| Revision History | ||
|---|---|---|
| Revision v2.2.8 | 2003-07-16 | Revised by: es | 
| Added info about keeping JREs up-to-date forCocoon | ||
| Revision v2.2.7 | 2003-07-09 | Revised by: es | 
| Fixed broken links to LDP XSL and other LDP XSL spefic filenames. | ||
| Revision v2.2.6 | 2003-06-16 | Revised by: sa | 
| Verified the instruction against docbook XSL 1.57. | ||
| Revision v2.2.5 | 2003-05-16 | Revised by: sa | 
| Fixed the broken links in the external resources section. | ||
| Revision v2.2.4 | 2003-04-20 | Revised by: sa | 
| Updated links to the new Demo Site. Added new links to the resources section. | ||
| Revision v2.2.3 | 2002-11-22 | Revised by: sa | 
| Added the suggestion made by users. Added new links to the resources section. | ||
| Revision v2.2.2 | 2002-10-09 | Revised by: as | 
| This update fixes a few more typos, removes a couple of spaces that make the HTML rendering look odd. | ||
| Revision v2.2.1 | 2002-10-09 | Revised by: sa | 
| Fixed the URL to the Sample Files. | ||
| Revision v2.2 | 2002-09-29 | Revised by: as | 
| Minor corrections to the Cocoon section. | ||
| Revision v2.1 | 2002-09-15 | Revised by: sa | 
| Minor corrections to the Cocoon section. | ||
| Revision v2.0 | 2002-09-10 | Revised by: sa | 
| Added the section on serving DocBook XML 4.1.2 content using Tomcat + Cocoon. | ||
| Revision v1.5 | 2002-08-11 | Revised by: sa | 
| Added the XML section and the sample XML file. | ||
| Revision v1.4 | 2002-08-08 | Revised by: sa | 
| Many valuable modifications/corrections suggested by Lloyd D Budd. Thanks Lloyd. :) | ||
| Revision v1.3 | 2002-08-02 | Revised by: sa | 
| Added the "Additional Resources" section. | ||
| Revision v1.2 | 2002-07-23 | Revised by: sa | 
| Added the section on converting HTML -> PDF using HTMLDOC. Thanks to Luc De Louw for the suggestion. | ||
| Revision v1.1 | 2002-07-19 | Revised by: KET | 
| Fixed grammatical errors, numbered processes. | ||
| Revision v1.0 | 2002-06-29 | Revised by: sa | 
| Initial public release. | ||
Some Acronyms:
SGML - Standard Generalized Markup Language
XML - Extensible Markup Language
RTF - Rich Text Format
HTML - HyperText Markup Language
PDF - Portable Document Format
The objective of this document is to setup OpenJade to convert DocBook 3.2 and 4.2 Standard Generalized Markup Language (SGML) and Extensible Markup Language (XML) documents to HyperText Markup Language (HTML), Rich Text Format (RTF), and Portable Document Format (PDF).
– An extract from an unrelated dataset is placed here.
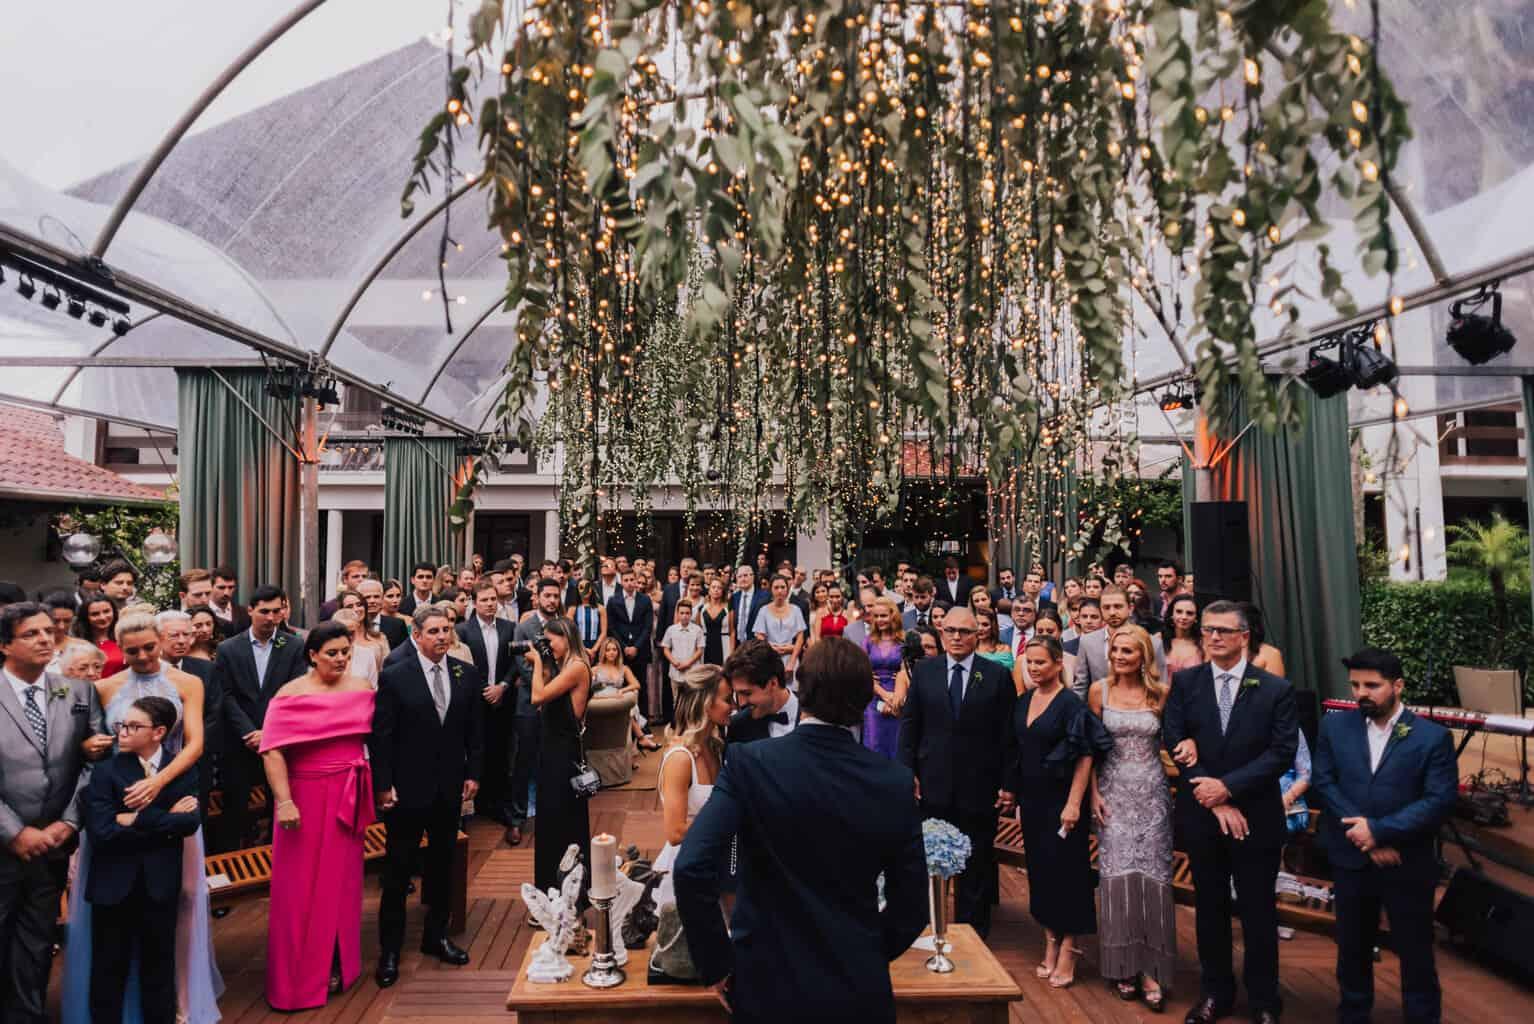 casamento-Maitê-e-Breno-cerimonia-no-jardim-Fotografia-Mana-Gollo-Hotel-Timbó-Park-noivos-no-altar42-1
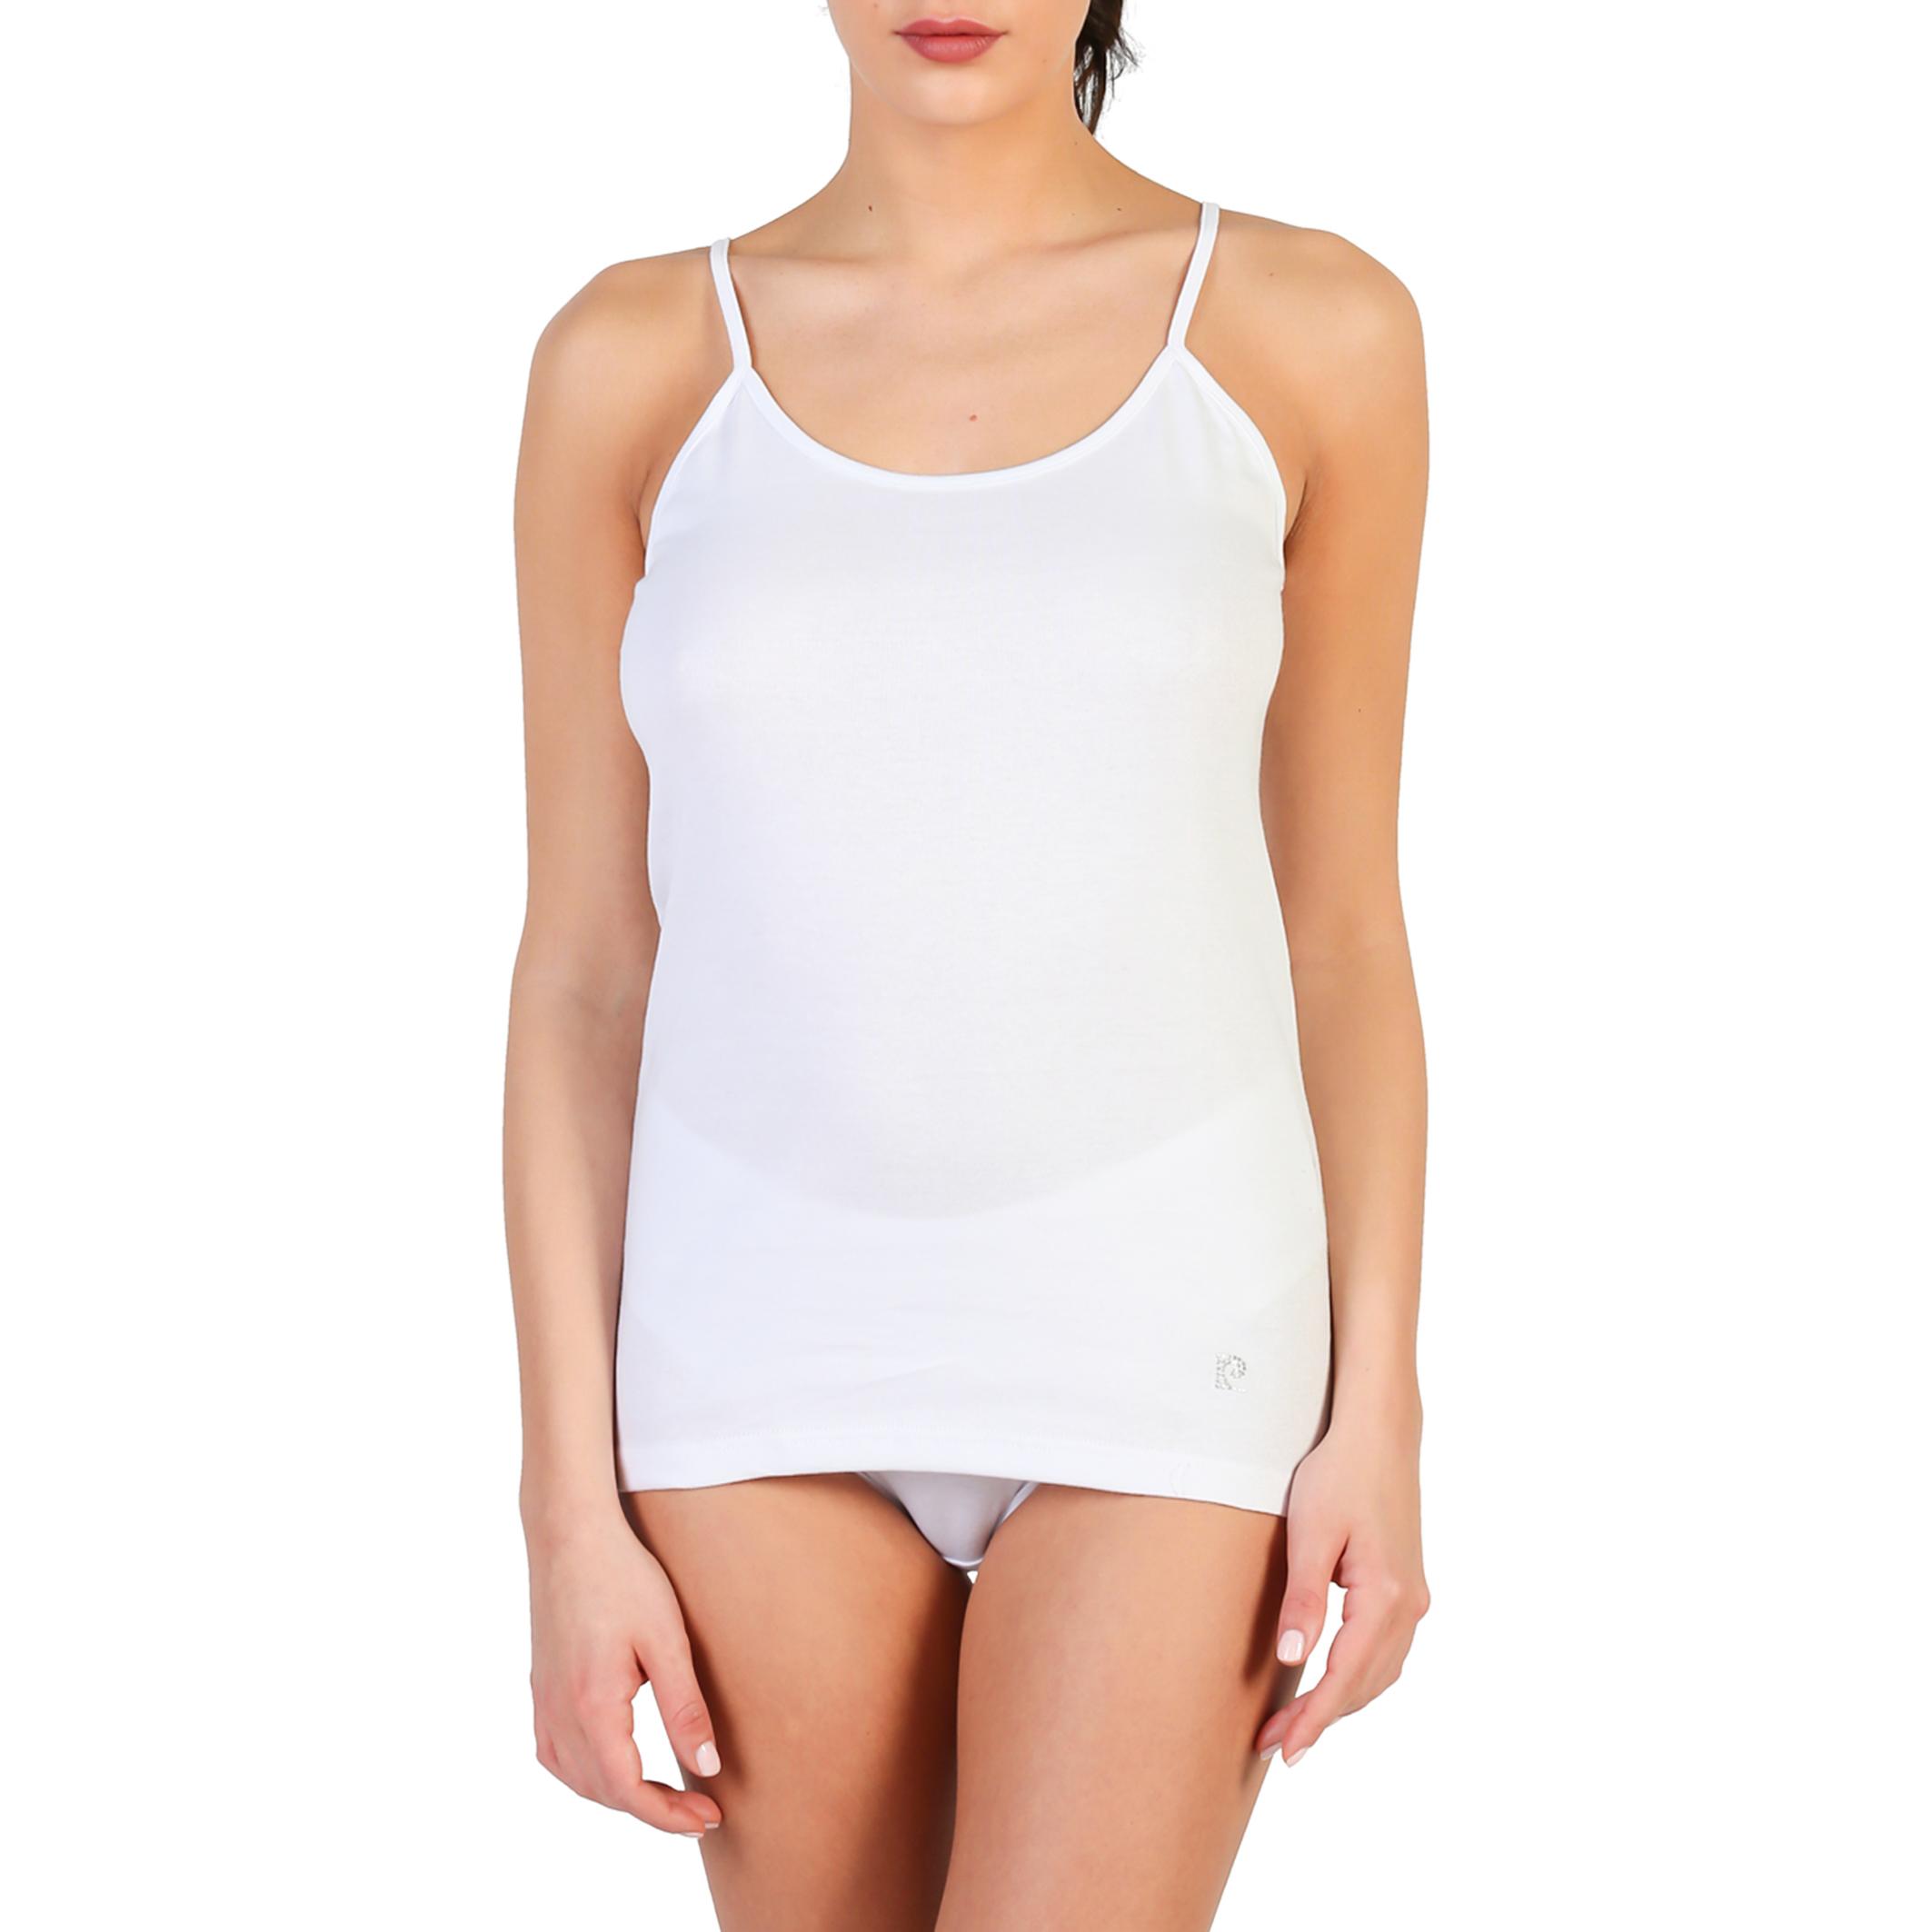 débardeur femme pierre cardin underwear PC_CARMEN_BIANCO

This document is Copyright 2001 by Saqib Ali. Permission is granted to copy, distribute and/or modify this document under the terms of the GNU Free Documentation License, Version 1.1 or any later version published by the Free Software Foundation; with no Invariant Sections, with no Front-Cover Texts, and with no Back-Cover Texts. A copy of the license is available at http://www.gnu.org/copyleft/fdl.html.
All praise is due to Allah, The Lord of the Worlds. All credits go to Allah. Any mistake in this document is my own fault.
Additionally, I would like to acknowledge the following people for their valuable contributions to this document:
Eric Safern <esafern (at) lrn.com> - For updates related to Cocoon and JRE. http://www.timebytes.com/
Greg Ferguson <gferg (at) hoop.timonium.sgi.com> - for very helpful hints/suggestions on the docbook mailing list
Kristin Thomas <kristint (at) us.ibm.com> - For the initial review of this document.
Luc de Louw <luc (@) delouw.ch> - For suggesting the HTMLDOC (PDF -> HTML) section.
Lloyd D Budd <ldp (@) foolswisdom.org> - For suggestions on improving most of the sections of the document.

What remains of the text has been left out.